Everyone in the industry is talking about how to secure the cloud. But what exactly are we securing the cloud against? When Red Canary talks about “threats in your cloud environment,” we’re talking specifically about threats that manifest within the cloud control plane itself, such as unauthorized Kubernetes pod access, credential use from unauthorized locations, API abuse, data exfiltration, and more.
I recently presented on how Red Canary detects cloud threats in our customers’ environments at both CloudNativeSecurityCon and the SANS CloudSecNext Summit & Training, and I’d like to walk through our detection process in a two-part blog series. This is not to say this is necessarily the “right” way to find these threats, or even the only way to find them; it’s just the battle-hardened techniques that we have been using for years to chase down this kind of activity and find the needle buried in the haystack of petabytes of data.
What is the cloud control plane?
Before we get ahead of ourselves, let’s talk through what we mean when we say “cloud control plane.”
Every cloud provider uses a different vocabulary, so let’s establish the terminology we’re going to use throughout this article.
First, let’s start with the “stuff” you have deployed in your cloud. Maybe that’s some virtual machines, a few databases, storage buckets, serverless functions, and probably a handful of other cats and dogs (that hopefully you know about). All of these resources that are deployed within the cloud reside in what we’re calling the cloud data plane. We’re not going to focus on what’s inside this data plane in this article; in some cases (such as virtual machines), there are other technologies like endpoint detection and response (EDR) that directly apply to protecting these resources.
Instead, we’re going to focus on the cloud control plane: this is the layer on top of all of your cloud resources that keeps track of all of the things in your data plane and allows users to create, destroy, or configure these resources within the data plane. This might be the cloud web user interface (UI), command-line interface (CLI), or application program interface (API) access.

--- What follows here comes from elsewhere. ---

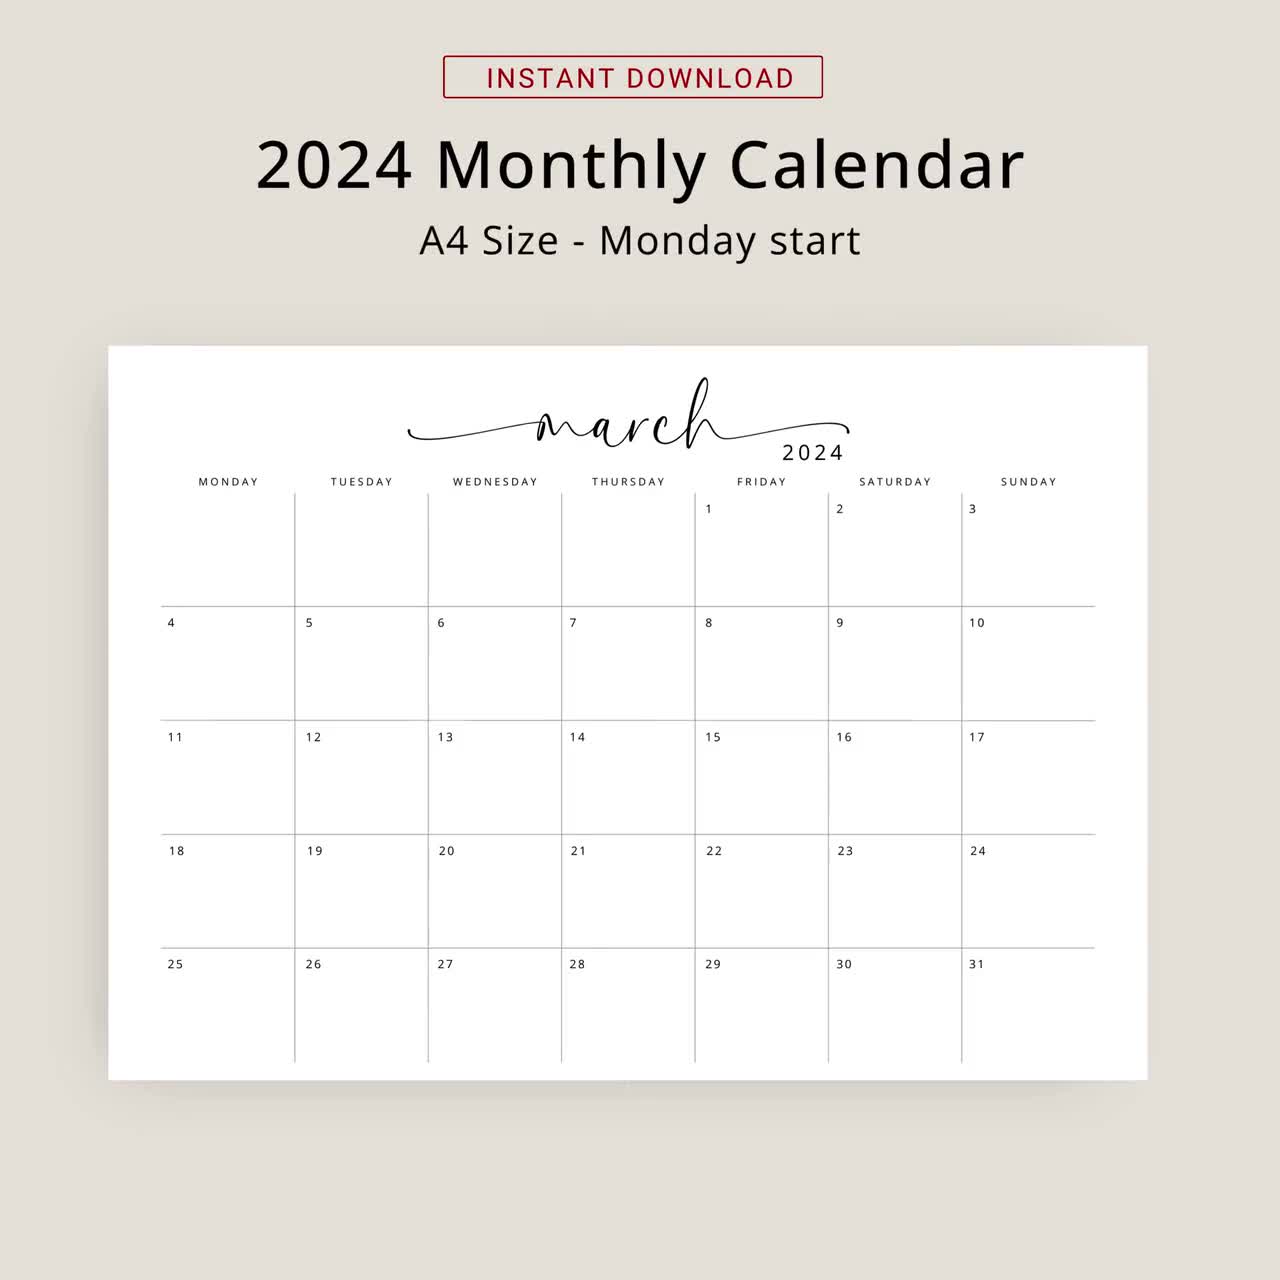 Calendario 2024 En Español Calendario Anual 2024 Para Imprimir Spanish  Calendar 2024 Printable Spanish Minimalist Calendar A3 A4 Letter Size -   Denmark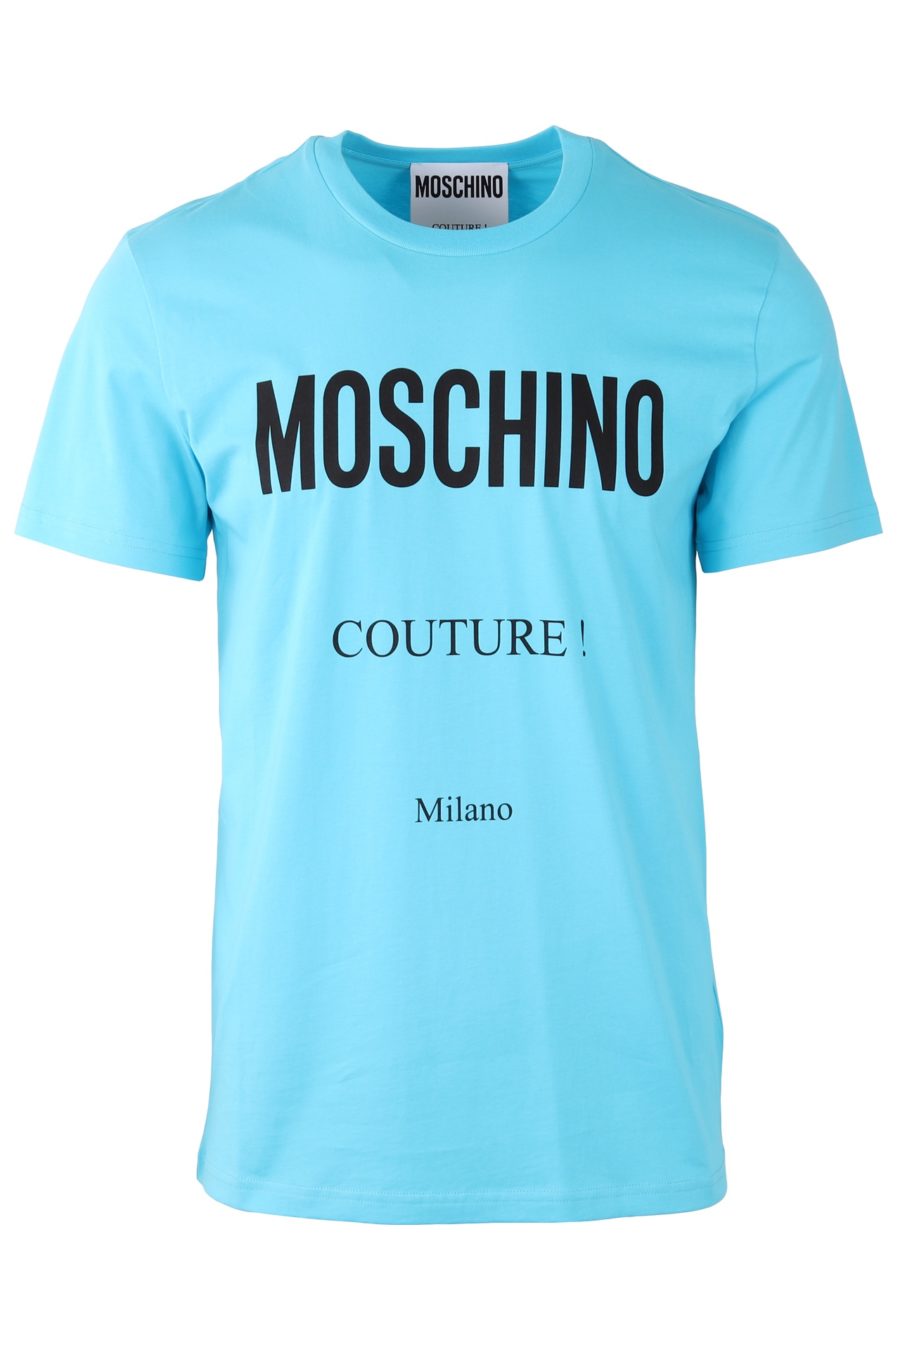 Camiseta Moschino Couture azul celeste con logo negro - 43279f8ab56a3b98b9b1ae4ff95d3f0b5470c4c5

Every cloud provider’s cloud control plane is outputting a pile of audit logs, such as AWS CloudTrail, Azure Monitor Logs, GCP Audit Logs—logs that we’ll refer to as telemetry throughout this article. This telemetry captures the creation of every resource, every resource that’s been stopped, every change to a security group or firewall, every API call made to access a serverless resource, and hundreds (if not thousands) of additional records tracking everything that’s happening to your cloud resources, as visualized in this hyper-accurate illustration:
If you’re not interested in cloud, but you’d rather look at Kubernetes logs, the same concept exists: the Kubernetes control plane outputs the same type of telemetry with the creation and termination of pods, access to pod resources, etc. The following approach applies just as well to Kubernetes telemetry as it does to cloud telemetry.
At the end of the day, all of this telemetry creates a massive pile of data. How do you wade through that pile to find a single threat? As of this writing, Red Canary ingests about 6 billion cloud telemetry records per day—if we can do it, so can you!
The six phases of cloud threat detection
To tackle any problem, it’s best to break it down into smaller pieces. These smaller pieces make the problem much easier for a human to wrap their head around, and, ultimately, enables solutions that are simpler to manage.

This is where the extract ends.